Again, this is tough. The problem is that to really calibrate this score, you need known cases of sockpuppetry. But we can use outlier analysis as a proxy. For each of the above analyses that spits out a score, concatenate all the scores into a vector. Grab random users from r/all/new and calculate a score vector for each random pair of users so you have a distribution of these score vectors. Calculate the mean and estimate the covariance matrix for this distribution. Call these your "baseline" statistics. Now, when you have a pair of users you are suspicious of, calculate their "score" vector as above and calculate the mahalnobis distance[8] of the score vector relative to your baseline distribution to give you a score of how much of an outlier this pair is relative to what you observe at random. Pro-tip: augment your baseline by continuously scraping random pairs of users and building up your dataset. Scraping users will probably be a slow process, but the more data the better. So when you're not using your tool to investigate suspicious activity, set it to scrape random users so you can build up your baseline data. For any random user you pull down, you can permute their data against all of the other random users you've scraped data for (NB:*random* users. Don't add your "suspicious" users to this data set).

8: http://en.wikipedia.org/wiki/Mahalanobis_distance

Happy Hunting!

-- Your friendly neighborhood data scientist

Comment by c74 at 18/10/2014 at 06:55 UTC

30 upvotes, 0 direct replies

Trying to sort out sock puppets and people that upvote themselves/alternate accounts is not something that is easily identifiable as a moderator on reddit. The admins won't give that kind of access to mods... but in my experience they will give yes/no/questionable in most cases if you message them.
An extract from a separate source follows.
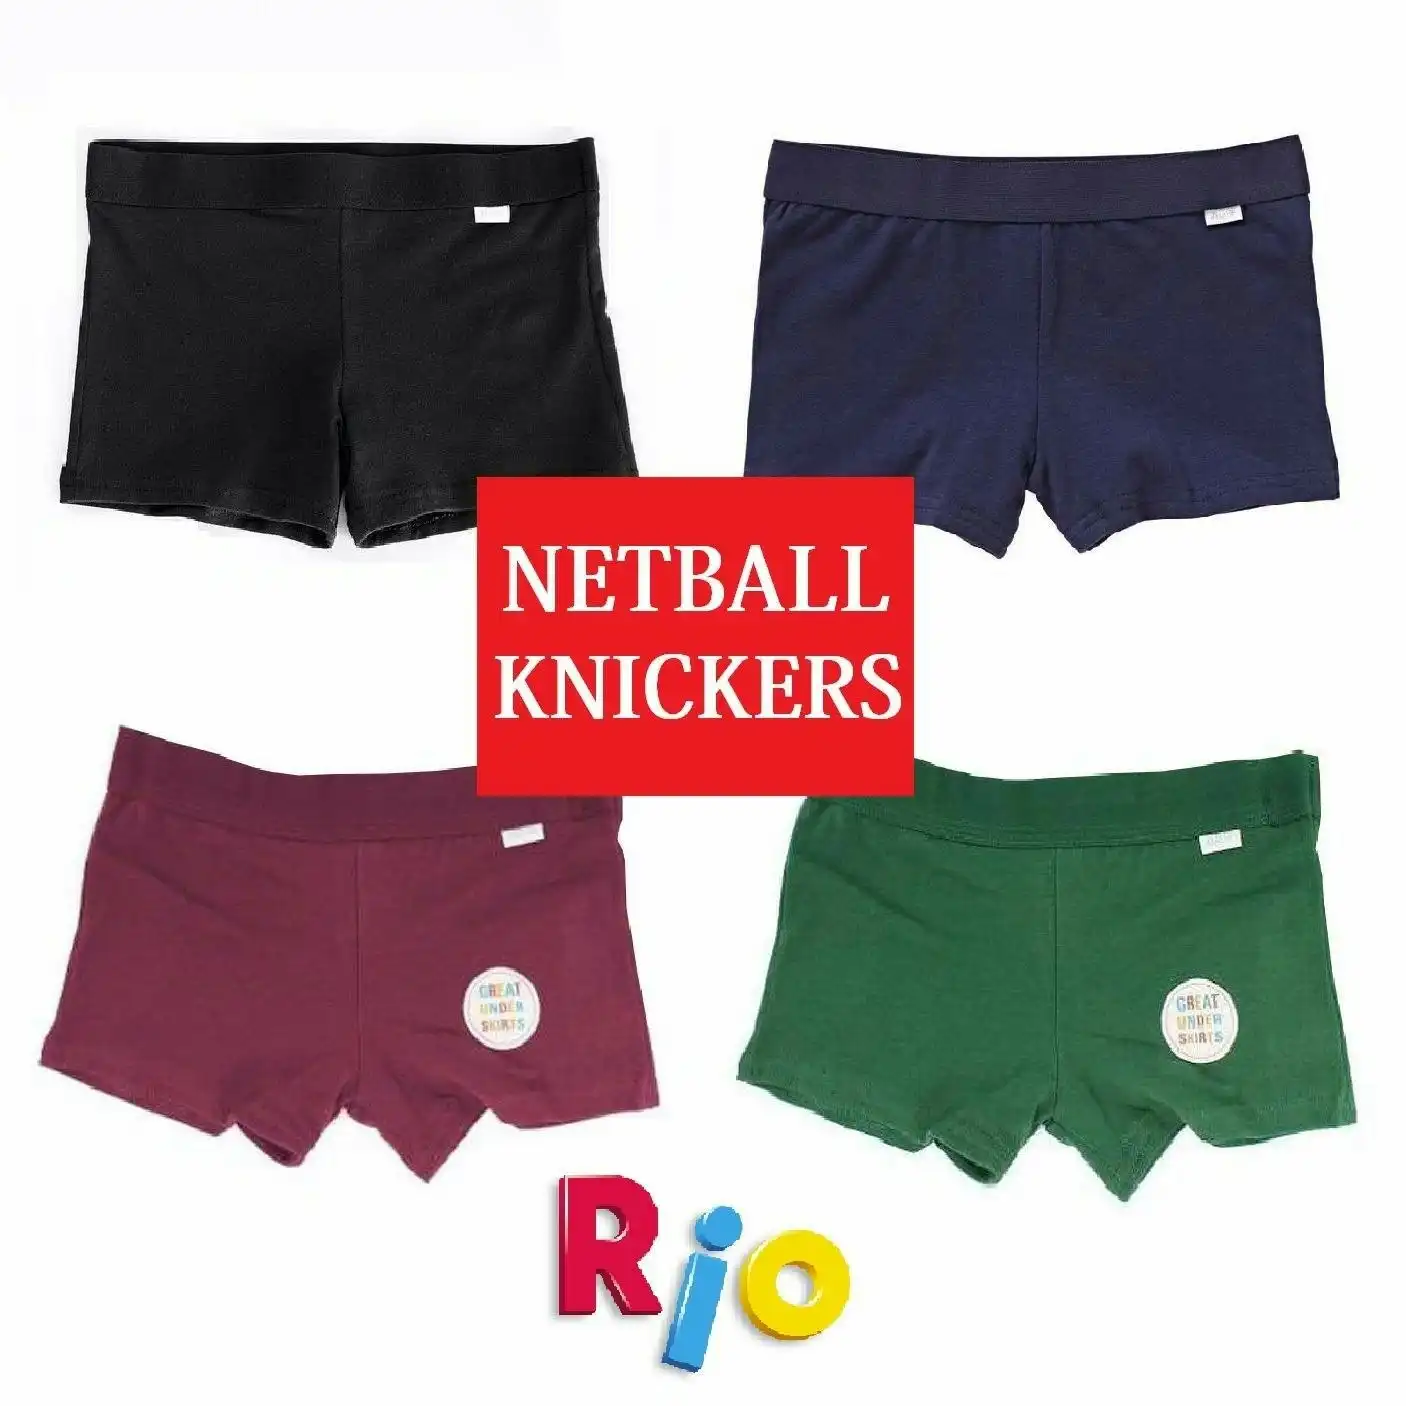 Girls Rio Netball Knickers Black Navy Green Shorts Underwear Kids School Sports

If you recognize user x and user y for arguing about whatever issue... you might be taking reddit too seriously.

Political agendas, marketers, creative writers, trolls... it's all here.

Comment by [deleted] at 18/10/2014 at 06:42 UTC

3 upvotes, 1 direct replies

[deleted]

Comment by MartialWay at 18/10/2014 at 05:16 UTC

5 upvotes, 1 direct replies

You could make many a bot that would give you a "% chance" rating. None we would be as accurate as good moderator familiar with the sub, personalities, politics, and writing styles.

Comment by karmabreak at 18/10/2014 at 16:16 UTC

2 upvotes, 0 direct replies

Reddective (I don't have the URL and am on mobile) will show all that data you need and you just have to compare and judge yourself.

Comment by ky1e at 19/10/2014 at 00:13 UTC

2 upvotes, 0 direct replies

Here's some data I can think of that will help you make a case for spotting alts:

Comment by vvyn at 18/10/2014 at 09:05 UTC

1 upvotes, 0 direct replies

A user analysis between posting history, frequent words and time active is doable. There are already tools to extract that for a single user.

But it really won't be as conclusive as having concrete proof like vote manipulation that the admins can look into. The % you're looking for is just supporting a hunch but still doesn't make it a reliable piece of evidence.

Comment by [deleted] at 18/10/2014 at 14:43 UTC

1 upvotes, 0 direct replies

The only real way to know is to learn their written tics. Unless they're using usernames like werebear1 and werebear23, I certainly don't join and participate on the same subreddits when I make new accounts. And when I'm trolling, I always make sure to change something about my argument and language.